Черенок лежал на спине, слушал и смотрел в чистый, усеянный созвездиями небесный купол.

«Вот Орион, там Кассиопея, Полярная, а рядом Большая Медведица», – незаметно для себя отмечал он.

Звездный, мерцающий мир жил своей жизнью. Вид чистого ночного неба вызывал у Черенка какие‑то новые, особенно волнующие чувства. Тысячи небесных тел, больших и малых, ярких и бледных, каждое со своей неповторимой судьбой, связанные между собой вечной великой силой, несутся в бесконечности, рождаются, развиваются, стареют.

Черенок смотрел в полутемное небо, долгим взглядом проводил одинокую падающую звезду. Вспомнив рассказ Остапа, пожалел, что не пришлось встретиться с Сергеем. Когда‑то теперь увидятся они, по каким дорогам разметает их война?

При воспоминании о друге в памяти, как живая, встала Галина, и неудержимо захотелось хотя бы на одно мгновение взглянуть в ее глаза. Из темноты донеслись звуки баяна. Где‑то пели.

Черенок вздохнул, приподнялся, закурил. Справа, у самолета Оленина, слышался говор, прерываемый дружным смехом.

– Товарищ комеска, идите к нам! – позвали оттуда.

– Сейчас. Иду! – отозвался Черенок.

Огибая чернеющие контуры самолетов, он пошел на красные точки папирос, вспыхивающие в темноте.

Окруженный товарищами, Остап по своему обыкновению рассказывал одну из забавных историй, припасенных у него на каждый жизненный случай. Летчики с интересом слушали его разглагольствования.

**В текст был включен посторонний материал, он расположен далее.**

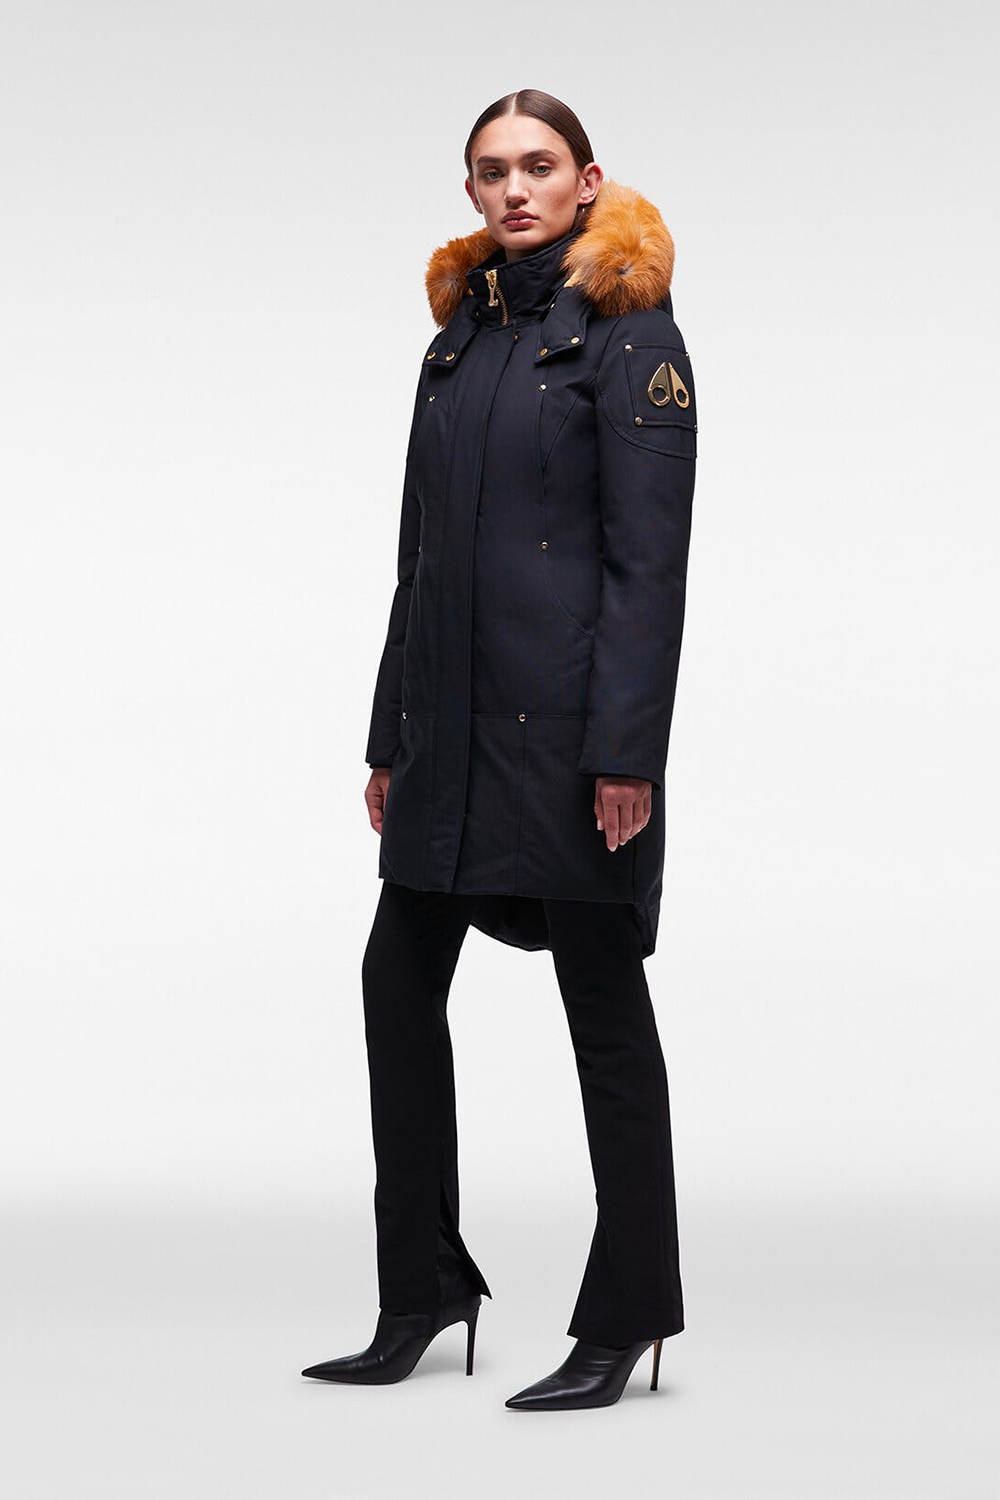 Moose Knuckles Gold Stirling Parka in Navy with Gold Fox Fur

– Когда попадешь в госпиталь и увидишь, что не один ты в таком критическом положении, то поневоле примиришься с постигшей тебя участью… – подходя к группе, услышал его голос Черенок. – Дураком бы я был, если бы умер, не дожив до такого вечера. Вот хотя бы старшего лейтенанта спросите, – кивнул он на Черенка, – он в госпитальных вопросах понимает. Им в госпитале до сих пор еще интересуются.

– Кто бы это мог интересоваться моей личностью? – смеясь спросил Черенок. – Насколько я помню, в Краснодаре лежать мне не приходилось…

– Хо! – воскликнул Остап. – Не только интересовались, но строжайше было приказано передать тебе привет.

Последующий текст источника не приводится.